Yes, I'll try and merge it before next week then. It's vaguely waiting for me to port more stuff from the old version, though I can look up the old version from it's tag.

oxinabox commented 6 years ago

@ksteimel that took longer than expected but the fresh branch is now merged

Ayushk4 commented 5 years ago

I would like to work on this issue.

oxinabox commented 5 years ago

Feel free. I will review any PRs.

Ayushk4 commented 5 years ago

I am receiving the following error while parsing one of the file in senseval2 corpus. Error parsing "<wf cmd=done id=d00.s09.t01 pos=NNS lemma=other wnsn=0 lexsn=U>others</wf>". ErrorException("type Void has no field captures")
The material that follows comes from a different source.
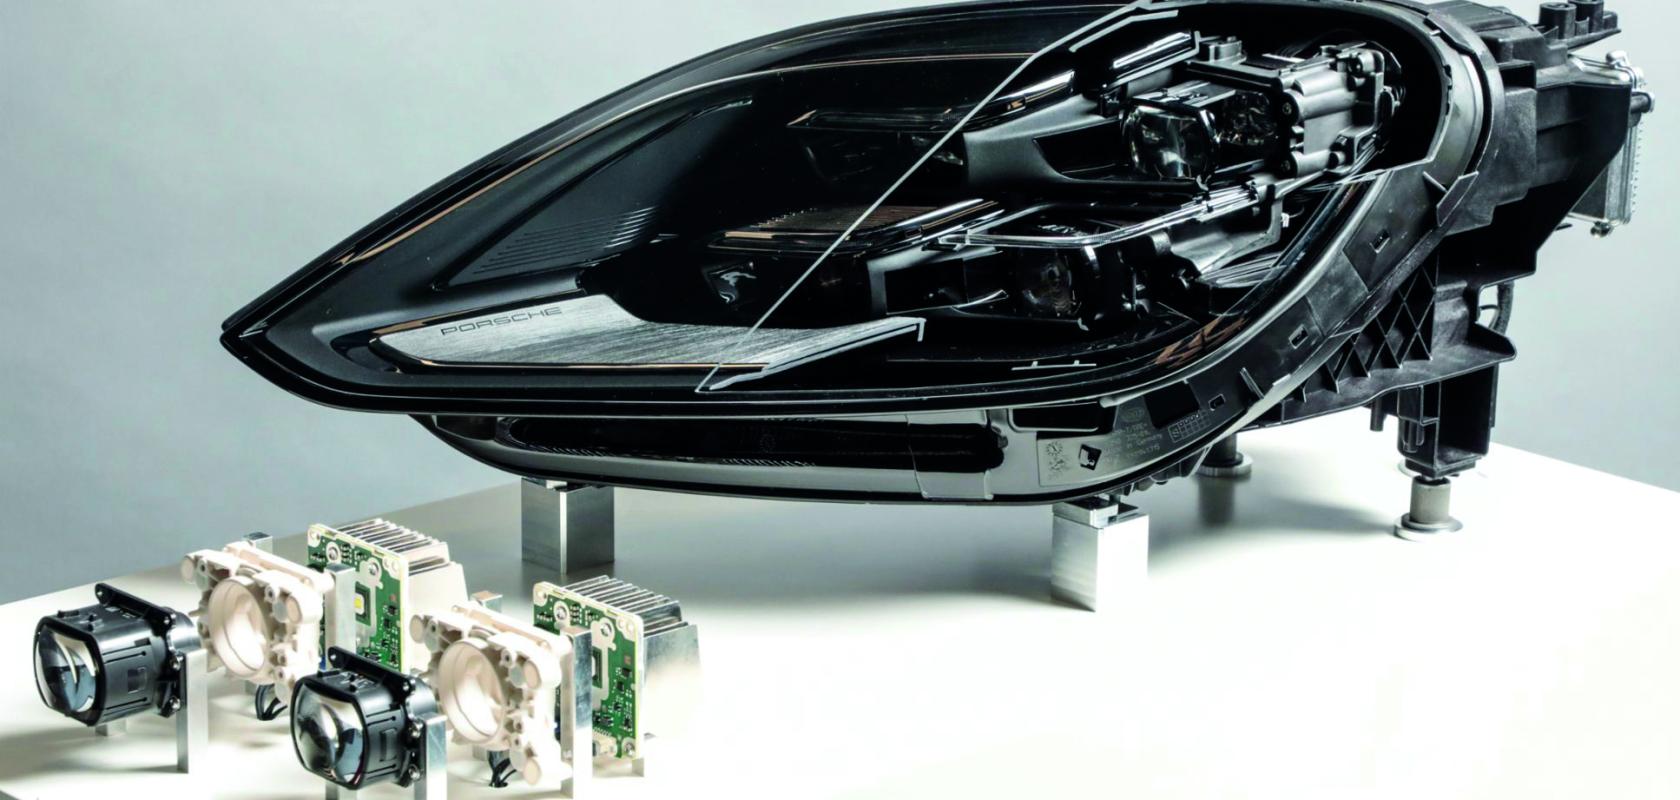 Porsche high-definition microLED headlight

This error has been traced back to a function similar to the one here -https://github.com/JuliaText/CorpusLoaders.jl/blob/58c824dbff95cbb3c3107377750a54d909944932/src/SemCor.jl#L33

The error is caused by lexsn being matched as empty.

What might be the best way around this? One way could be by adding exception handling and change the match expression for it. Is there any better way to do this?

oxinabox commented 5 years ago

I would not add exception handling. Julia code prefers to be written to avoid exceptions rather than handle them,. (Unlike python julia exception handling is pretty slow).

I think the regex can probably be relaxed some this bit: lexsn=(\d.*:\d*)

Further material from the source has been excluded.